The Eagle Has Landed
Until we saw her toddling towards at the airport this morning, I don’t think we ever believed The Mothership would make it to Edinburgh. But there she was with her huge grin and ridiculous sunglasses perched on her head.
“I left the case in the car! So I’ve had these on my head all the way from Canberra! Ha ha!”
We expected tears aplenty after a year apart, but she just launched right into her usual blethering. “Would you look at this shirt? I’m a bloody disgrace!” she pointed to various blobs on it. “That’s lunch at Sydney. And here’s my ravioli on the way to Singapore. And here’s a bit of breakfast before we got to Heathrow. You know I’ve had TWO breakfasts today, they gave me another one on the way to Edinburgh. I got two bits of bacon, pork sausage, scrambled eggs, half a tomato and a bread roll. A stale bread roll.”
Her suitcase wasn’t hard to spot on the carousel – bright red and bedecked with multiple padlocks and purple gauze ribbons.
“You know the Nice Singaporean Businessman beside me couldn’t believe this was my first flight outside Australia. Well it is, I says, indeed this is the first time I’ve exercised my passport. You know I was so paranoid about deep-vein thrombosis, I took my asprin and wriggled my legs but still I thought, that’d be right, I’ll get off the plan and cark it.”
We sat on the top deck of the airport bus as we headed into the city. She frowned at some grey houses with concrete gardens and asked casually, “So do you enjoy living here?”
Next she crowed at how green and old everything was. She read out shop signs, “Hollywood Tan Studio. Magnet? Is that like Magnet Mart back home? Another Hollywood Tan Studio? Sunday lunch only £6.50. Is that cheap? Saint Ninian’s Church! Oh! I always wanted to have a son called Ninian!”
“Why?!”
“It’s a beautiful name!”
We got off in the West End to catch another bus home.

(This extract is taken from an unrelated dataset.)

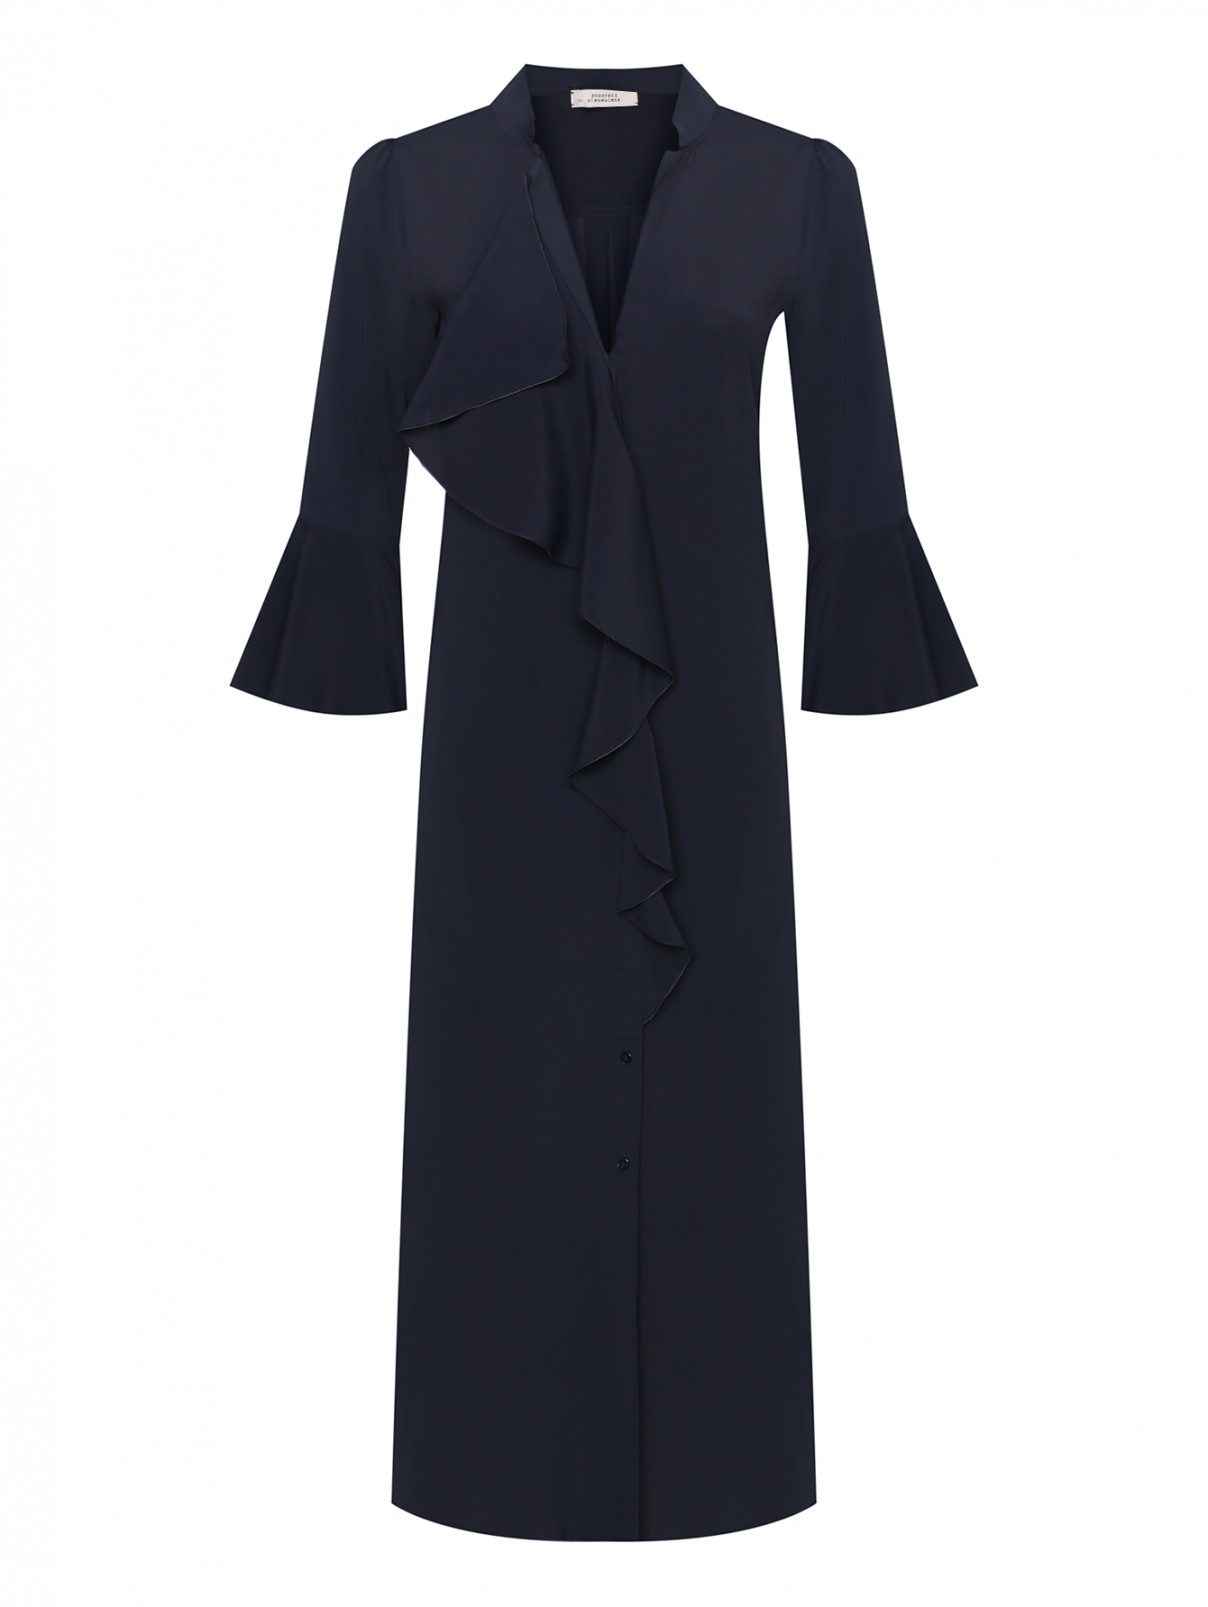 Платье на пуговицах с карманами Dorothee Schumacher  –  Общий вид  – Цвет:  Синий

“So girls, can you believe The Mother made it? Did you think I’d bail at the last minute?” Her teacher voice boomed across Lothian Road as we waited for the lights to change. “I’ll tell you what I noticed on the flight and then at Heathrow, and that’s all the healthy male specimens! My god, I’ve never seen so many hunks! Overseas is where the hunks are, I reckon. I thought to myself, there’s bound to be some worthy hunks here for you…”
“Mum, mum. Stop talking for a minute. Look up.”
“Where?” “There! That’s the castle.”
“That’s Ennbra Castle!? Right there in front of my nose? Fair dinkum?”
“Yep.”
“Well there you go,” she grinned, “Ennbra Castle.”